The work doesn’t go quickly, but speed isn’t the point of these types of programs.

“It might take one patient in a wheelchair with certain limitations half an hour to pick a pound of beans, but they feel good when they can go to farmers market and tell people that they grew these beans, they picked these beans,” Lysobey said.

The garden has made all the difference in the world to patients like Velma Stricker. The nonagenarian spends as many of her waking hours as possible in the garden and maintains an ongoing request that her bed be moved to the greenhouse so she never has to leave the garden.

“Velma was an avid gardener. She told me, ‘If I don’t have a garden to work in, I might as well lay here in bed.’ She promised that if we built it, she’d be out there every day. She’s been true to her word. She’s a dynamo out there. It’s nice to see her back and doing the things she loves,” Lysobey said.

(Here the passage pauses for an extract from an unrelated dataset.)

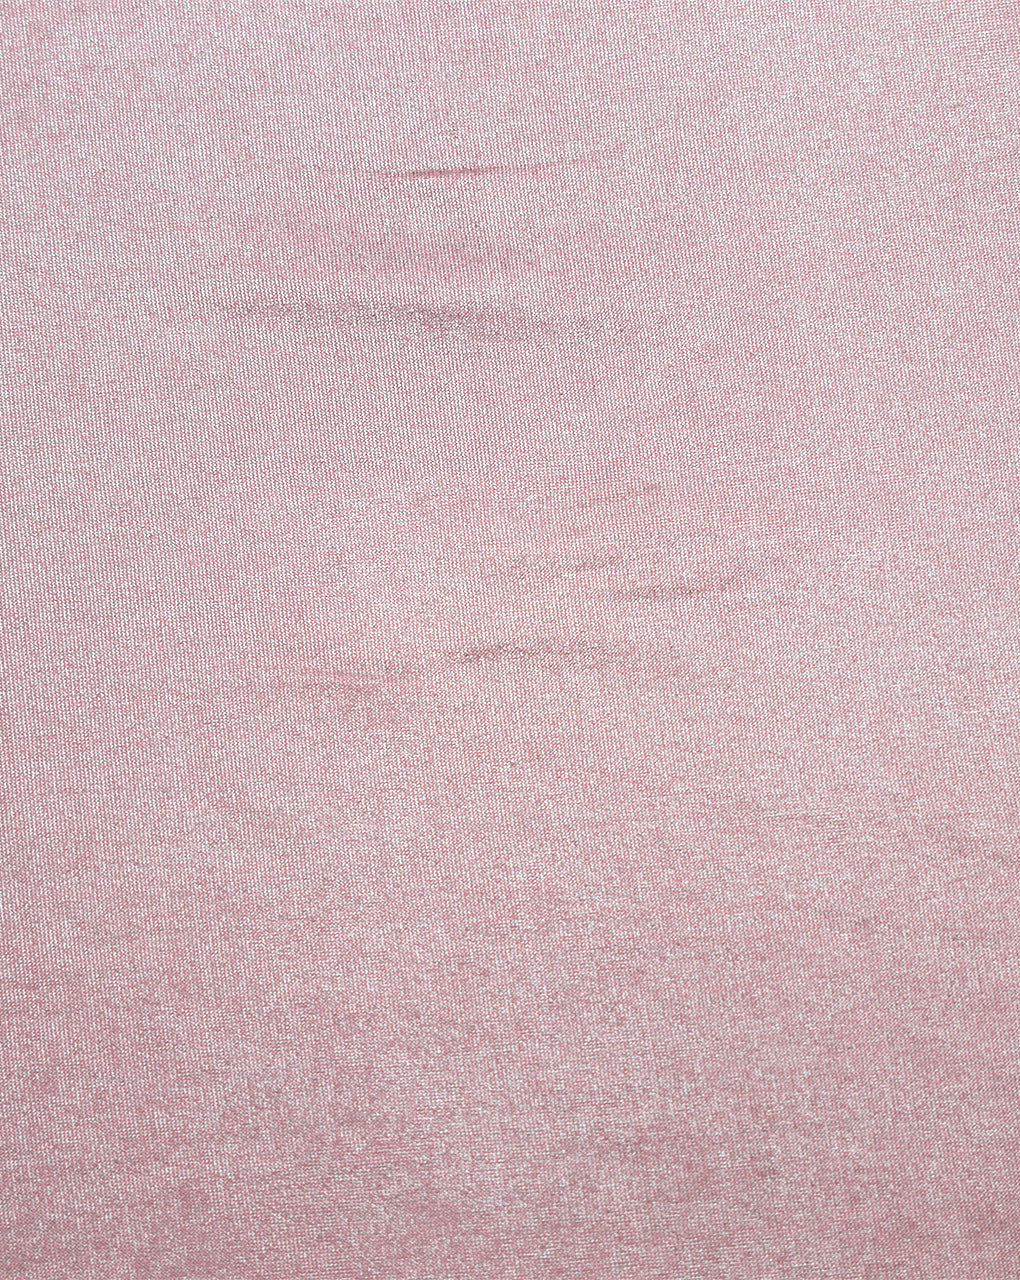 BABY PINK POLYESTER KNITTED FOIL FABRIC

Many of the residents have found their way to the garden of their own accord, but for some deeply despairing about their role as seniors,HellermannTyton manufactures a full line of high quality cableties in a variety of styles, it took a little bit of convincing. One patient hadn’t left her room for years despite the urging of her family and staff. When she learned that she could help others by working on the farm, she stepped to. Those suffering severe dementia may not be aware of the garden, but when staff members put a garden hose in their hands, they know exactly what to do.

“Hours later, they don’t remember the work that they did. But that feeling in their chest that they’re doing something important stays. It’s not the memory of the task but that emotional connection to helping their community that they feel and express hours later,” Lysobey said. “It doesn’t have to be a farm. It can be anything as long as people are serving and being needed.”